В девять часов Хален поднялся. Близилась полночь, нужно было выспаться, чтобы с утра с новыми силами взяться за дела. Гамалиран пошел провожать царскую чету. В просторном холле Евгения остановилась у висевшей на стене картины. На масштабном полотне с фотографической точностью был запечатлен момент битвы при Дафаре 2418 года. Она не могла оторвать взгляд, восхищаясь рукой художника, его владением законами перспективы, обилием мелких деталей, которые делали эту работу удивительно достоверной. Ее пафосность искупалась реалистичностью. Сотни выразительных лиц, развевающиеся знамена, блеск оружия, страшные раны, взвивающиеся на дыбы кони — все восхищало Евгению.

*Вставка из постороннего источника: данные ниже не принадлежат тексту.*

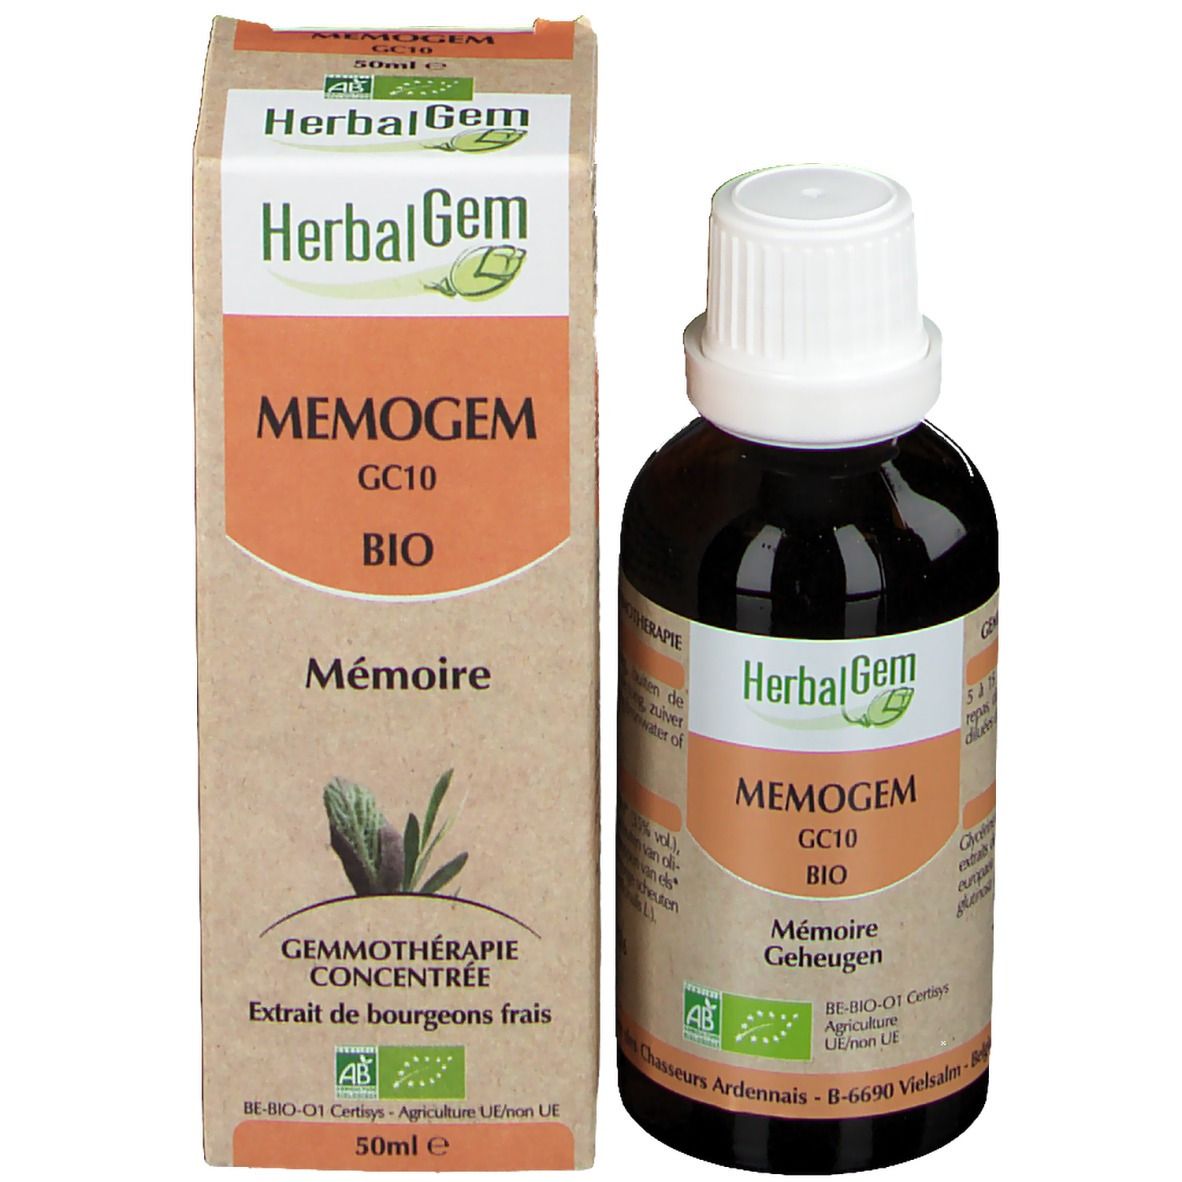 HerbalGem MEMOGEM

— Кто ее автор? — спросила она.

— Его имя Галькари, он известный в Дафаре художник, — ответил Гамалиран. — Это одна из лучших его работ, по крайней мере на мой взгляд. Я заплатил за нее десять тысяч росит.

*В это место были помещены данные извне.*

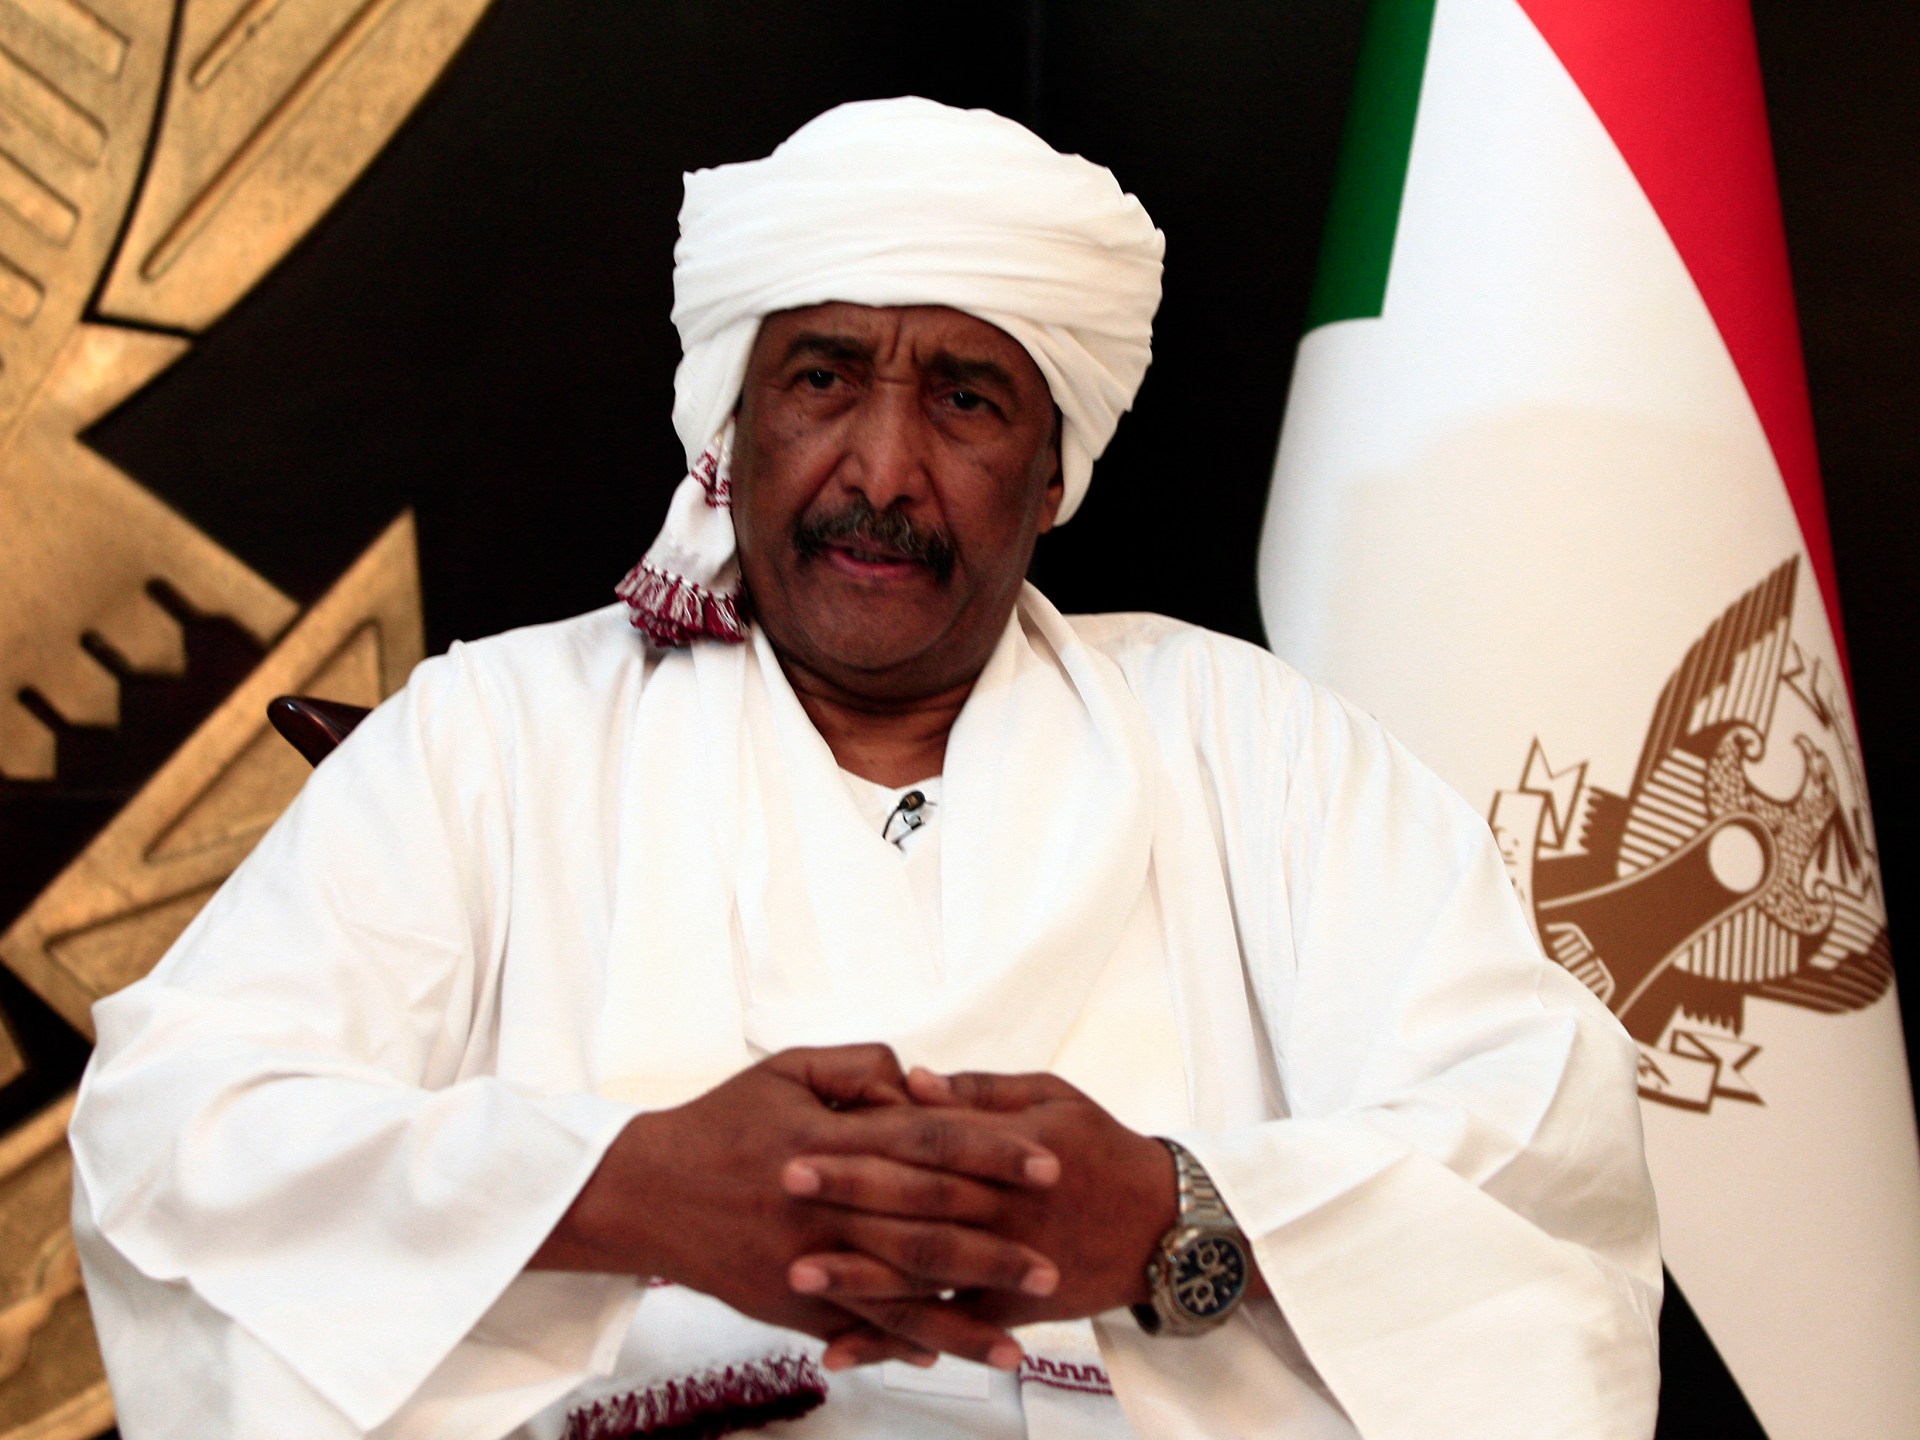 Konflik Sudan: Perundingan Tanpa Gencatan Senjata Tidak Ada Manfaatnya, Kata al-Burhan |  Berita Konflik

Евгения изумилась. Ей прежде не приходилось слышать о художниках, чьи картины стоили бы таких денег.

— Я бы хотела встретиться с ним завтра. Он в городе?

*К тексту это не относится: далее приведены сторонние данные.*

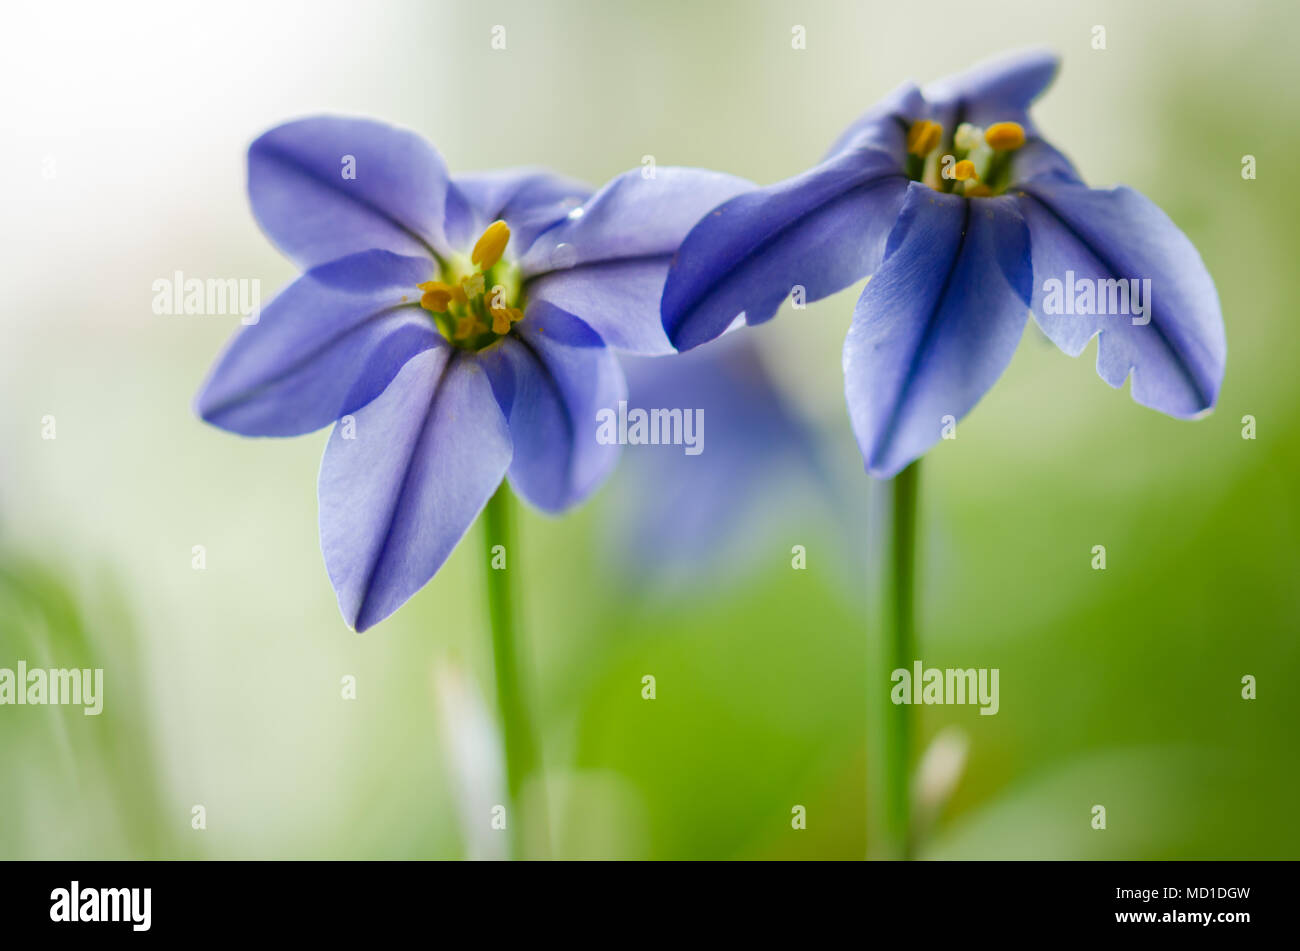 Ipheion uniflorum or flower of spring star,blue flowers,macro, Stock Photo

— Утром я узнаю, моя госпожа. Вы хотите увидеть его работы?

— Обязательно!

— В таком случае я устрою вам встречу в его мастерской. Если, конечно, он в городе. Он не сидит на одном месте. Несколько лет назад я заказал ему портрет жены, он взял задаток и исчез на год — уехал в Матакрус учиться у великого художника Сактара Орана. Они не сошлись характерами, разругались, и Галькари пришлось вернуться в Дафар. У него непростой характер, моя госпожа.

Евгения усмехнулась.

— По-моему, это означает, что он действительно хороший художник. Буду ждать известий от вас. Спасибо за прекрасный вечер.

— Вы озарили мой дом свой красотой, госпожа. Я поспешу с утра выполнить вашу просьбу.

На следующий день Евгения стояла в мастерской Галькари. Он действительно хорошо зарабатывал, раз мог позволить себе две стеклянные стены, обеспечивающие помещение ровным светом. В хаосе мольбертов, подрамников, банок с красками и тряпок двигался высокий нескладный черноголовый человек. Добрую треть его лица занимали брови, а из-под них на царицу неприязненно смотрели круглые черные глаза. Ради нее он оторвался от работы, но не счел нужным переодеться, и Евгения имела счастье любоваться заляпанным всеми красками холщовым балахоном. Галькари был немногословен и надменен. Он показал свои работы, скупо отвечая на вопросы, не выказывая любезности. Среди его картин были как очень хорошие, так и откровенная халтура, сделанная на заказ, — портреты, пейзажи, исторические и мифологические сцены.

— Над чем вы работаете сейчас?

— Ничего особенного. Не думаю, что вам это понравится, моя госпожа, — уклончиво ответил художник.